Earlier this year, Meta released the Llama 3.1 405B model, which allowed developers to use outputs from Llama models to improve other models. This update was particularly beneficial for developers and AI startups in India that were building Indic LLMs. Yann LeCun, Meta’s chief AI scientist, acknowledged the past issues developers faced with Llama in terms of model creation. Speaking at Meta’s Build with AI Summit in Bengaluru, LeCun stated that the company had taken note of these concerns and addressed them with the newer version of Llama.
During a fireside chat with influential Indian entrepreneur and co-founder of Infosys, Nandan Nilekani, LeCun mentioned that this development would make it easier for Indian AI startups to use LLMs and that it was not necessary for India to build LLMs from scratch. Nilekani added that India should focus on becoming the use-case capital of the world and concentrate on building small models quickly. He also stated that India could use Llama to create synthetic data, build small language models, and train them using appropriate data. Nilekani also invested in AI4Bharat, a research lab dedicated to creating open-source datasets, tools, models, and applications for Indian languages.

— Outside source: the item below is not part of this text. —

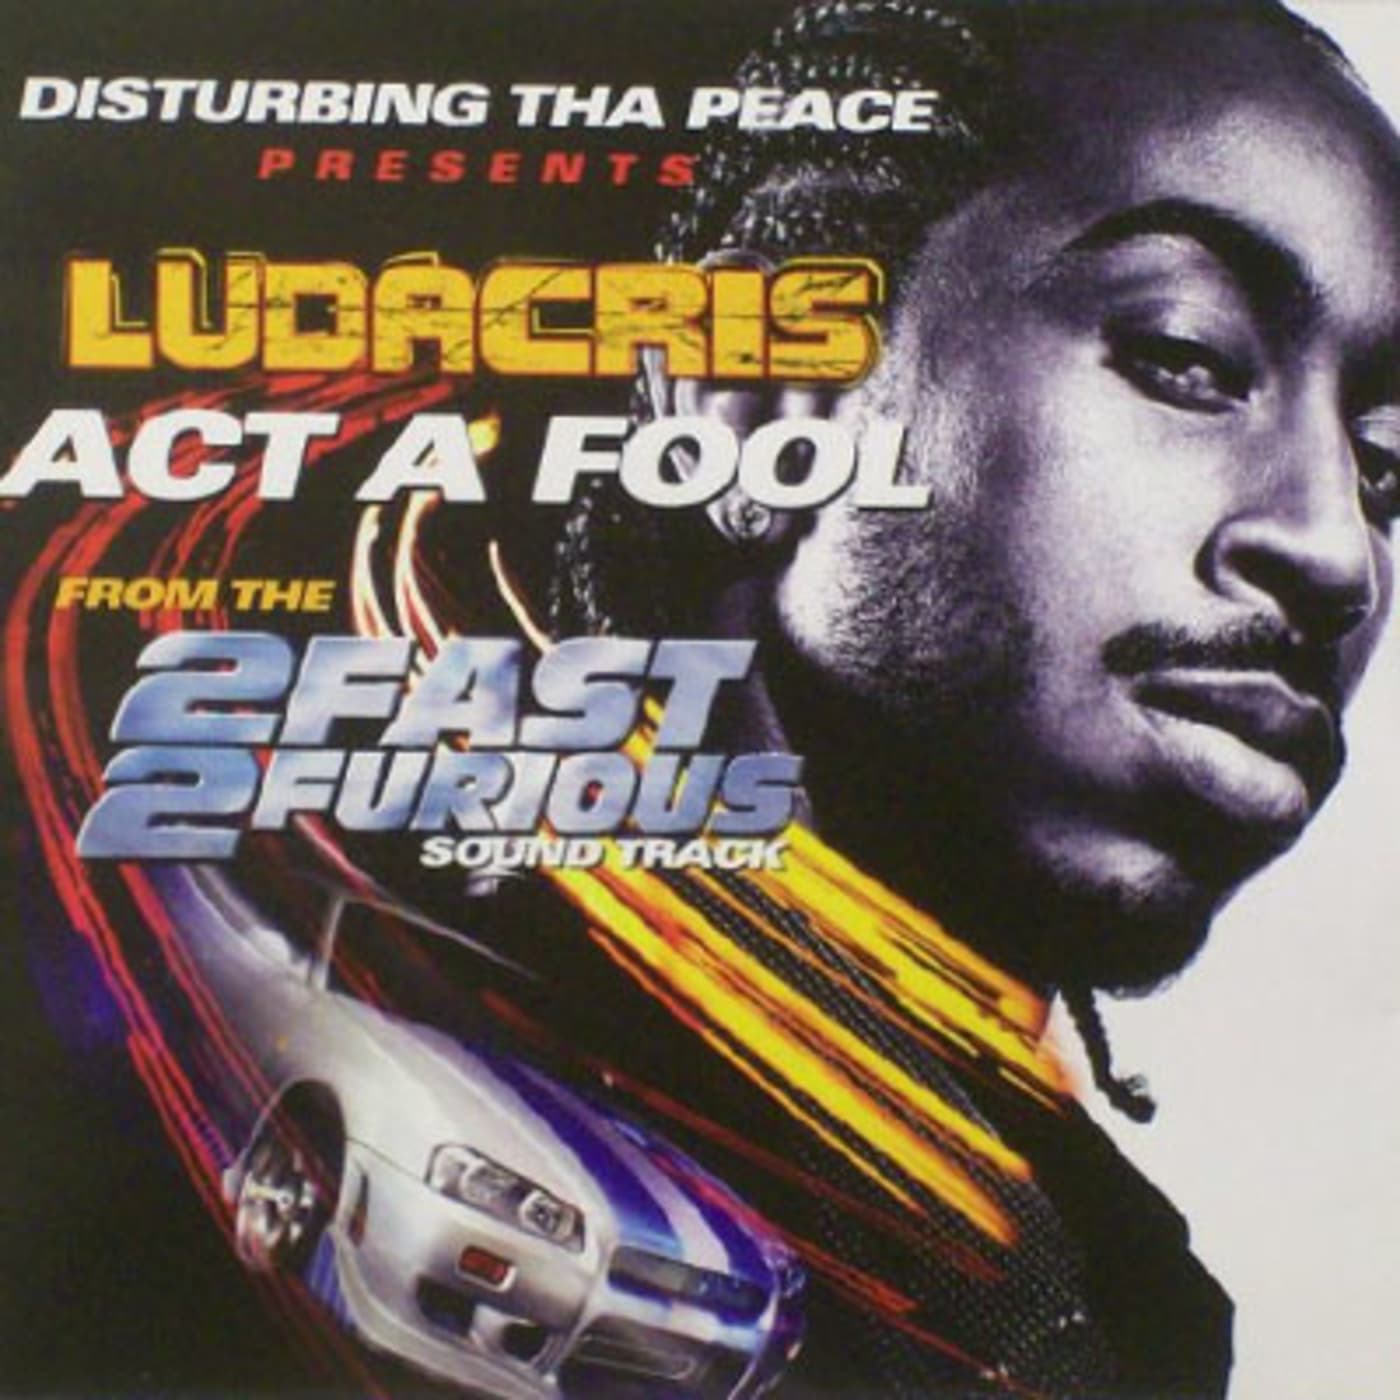 Act fool перевод. Лудакрис Форсаж 2. Ludacris Act a Fool. Ludacris двойной Форсаж. Ludacris Act a Fool обложка.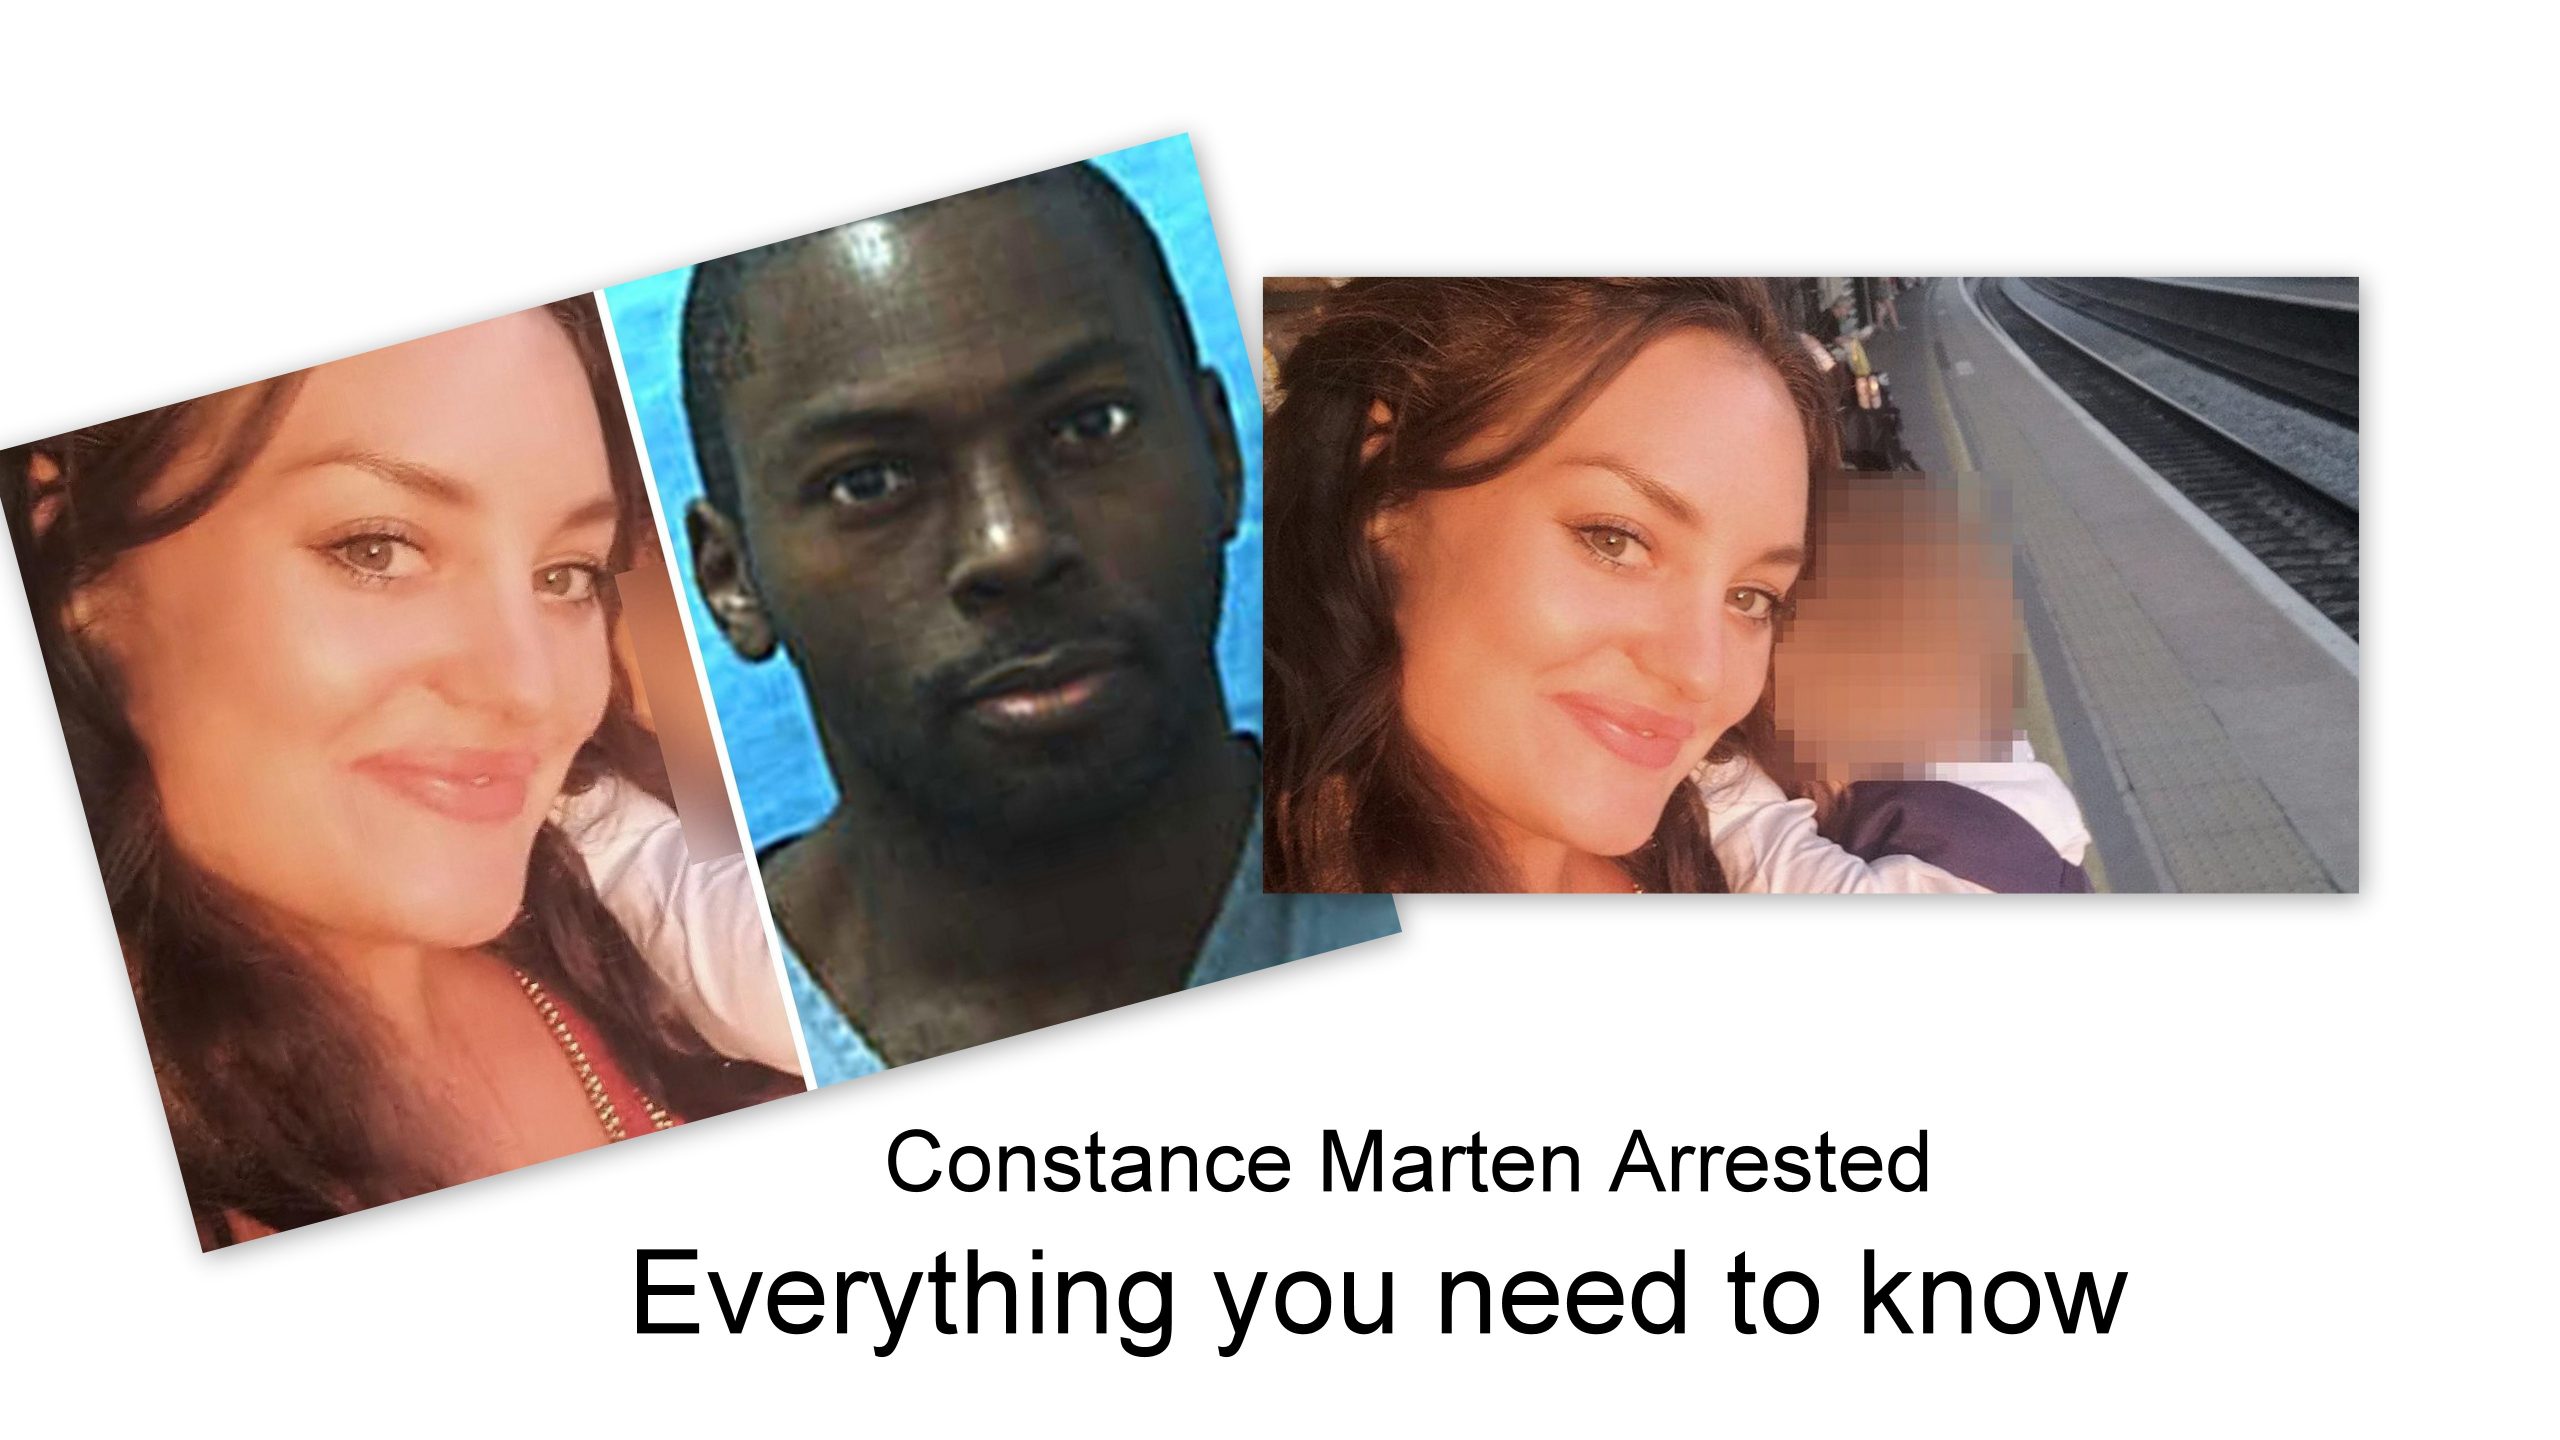 Constance Marten arrested

At Cypher 2024, Vivek Raghavan, the chief of Sarvam AI, revealed that they used Llama 3.1 405B to build Sarvam 2B, a 2 billion parameter model with 4 trillion tokens, of which 2 trillion are Indian language tokens. Sarvam 2B is part of a class of small language models (SLMs) that includes Microsoft’s Phi series, Llama 3 (8 billion), and Google’s Gemma models. Raghavan explained that this model serves as a viable alternative to using large models from OpenAI and Anthropic, while also being more efficient for specific use cases. He also mentioned that the company recently launched its latest model, Sarvam-1, which outperforms Google’s Gemma-2 and Llama 3.2 on Indic tasks. Raghavan attributed this success to the model’s secret sauce of 2 trillion tokens.
In conclusion, the release of Llama 3.1 405B has been a significant development for Indian AI startups, as it has allowed them to use LLMs more easily and efficiently. This has been demonstrated by the success of Sarvam AI, which has used Llama to build its models and outperform larger models from big players in the industry. With the support of influential figures like Nandan Nilekani and the availability of open-source datasets and tools, India is well on its way to becoming a leader in the use of small language models for Indian languages.